Fourth Hubbard Lake book looks at 140 years of hunting and fishing
Local author Mike Cornelius keeps mining new material for books covering the history of Hubbard Lake. He’s already published three volumes chock full of photos, events from the past and colorful anecdotes about a corner of Northeast Michigan that runs deep in his veins.
During the writing of those earlier books, Cornelius had hoped to feature pictures and stories related to hunting and fishing in Hubbard Lake and nearby streams, but there were so many other details to include that he never managed to fit in all the outdoor sporting-related material he’d amassed.
He finally solved the problem by writing a fourth book devoted entirely to the subjects of hunting and fishing. The 192-page fourth volume, “140 Years of Hunting and Fishing History Around Hubbard Lake,” came out this week. Like the others, it was printed locally through Sarge Publications at Model Printing Service.
Cornelius now plans to do book signings Thursday from 3-7 p.m. at Alpena County Library and Friday from 3-7 p.m. at Smokeys Restaurant and Tavern.
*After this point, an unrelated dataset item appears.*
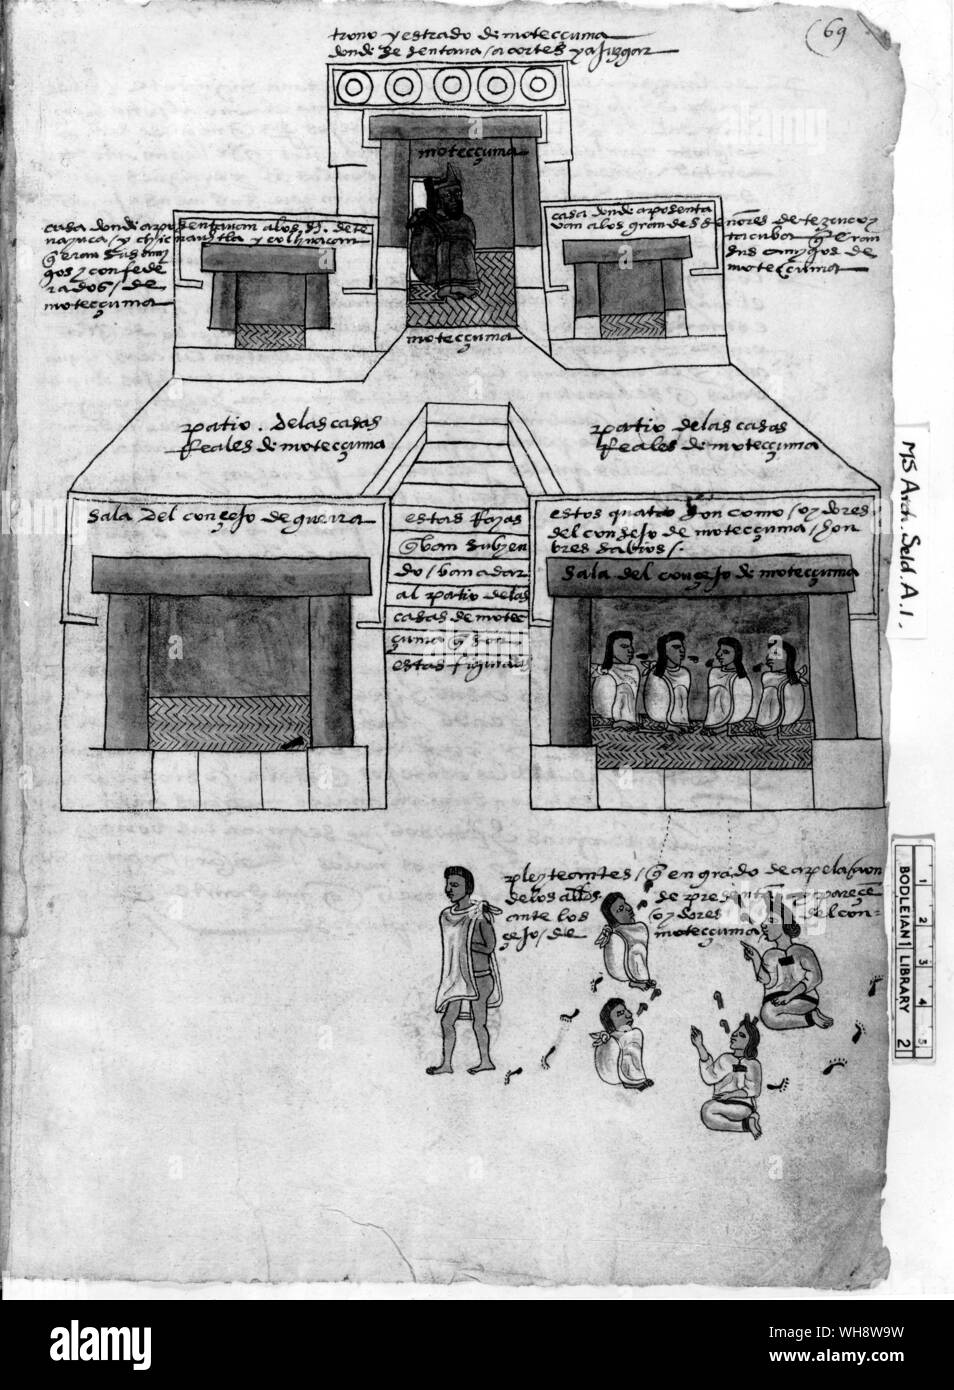 Moctezuma's Palast diente auch als ein Gericht, hier in der Sitzung gesehen. Codex Stockfoto

His newest volume is a color, hardcover, coffee-table size book available for $63.
The first 90 pages cover deer hunting, Hubbard Lake-style, starting in the 1800s up through the present. Lots of photos of trophy bucks, hunting camps, buck poles and the like are interspersed with tales from local hunters, how-to tips, informational charts and DNR statistics. Some of the stories and ways of doing things have been handed down through multiple generations.
“I’m big on traditions things that are special and carried on from one generation to the next,” Cornelius said. “Tradition leads to a lot of memories that’s a lot of what my books are about stirring up old memories.”
Besides deer, Cornelius also touches on hunting small game such as turkeys, ducks, rabbits and partridges as well as big game like grizzly bear and moose that some Hubbard Lake residents have been fortunate enough to take in other locations around the country.
A large section of the book is devoted to fishing, including an “honor roll” of lucky fishermen. Readers will get information on lunker pike, how to catch walleye and big perch, smelt dipping, brook trout and white fish spearing.
“I’m excited about this book, and I think it’s going to appeal to anyone who loves hunting and fishing,” Cornelius said. “There is a lot of valuable information in it as far as techniques from experienced and successful outdoorsmen, so readers will get the benefit of many, many decades of experience from respected hunters and fishermen in the area.”
Though Cornelius is an avid hunter and also enjoys fishing, he said in putting the book together he’s learned a lot that he didn’t know before.
“I know how to catch a walleye now, winter and summer, and perch also,” he said. “I’m going to take the grandkids out and try out what I’ve learned with them.”
Cornelius estimates there around 500 photos contained in “140 Years of Hunting and Fishing Around Hubbard Lake.” Some are vintage shots and feature hundreds of different people who spent time enjoying the outdoors in and around the lake. Others are nature photography snapped by Cornelius of both wildlife and scenery around the Hubbard Lake area.
The first book written by Cornelius deals with the history of Hubbard Lake from 1600 to 1900, focusing in part on the Chippewa Indians who once roamed the area and including the region’s early lumbering days. His first 1,088 copies of that book sold out, and he has sent printed an additional 100 in softcover. Those also are now nearly gone.
His second book told the history on Hubbard Lake from 1900 to the 1950s. Like his first volume, the initial run of 1,005 sold out, and he recently ordered another 100 in softcover.
Book number three covers Hubbard Lake from 1960 to the present. A limited number of copies of that book still remain available.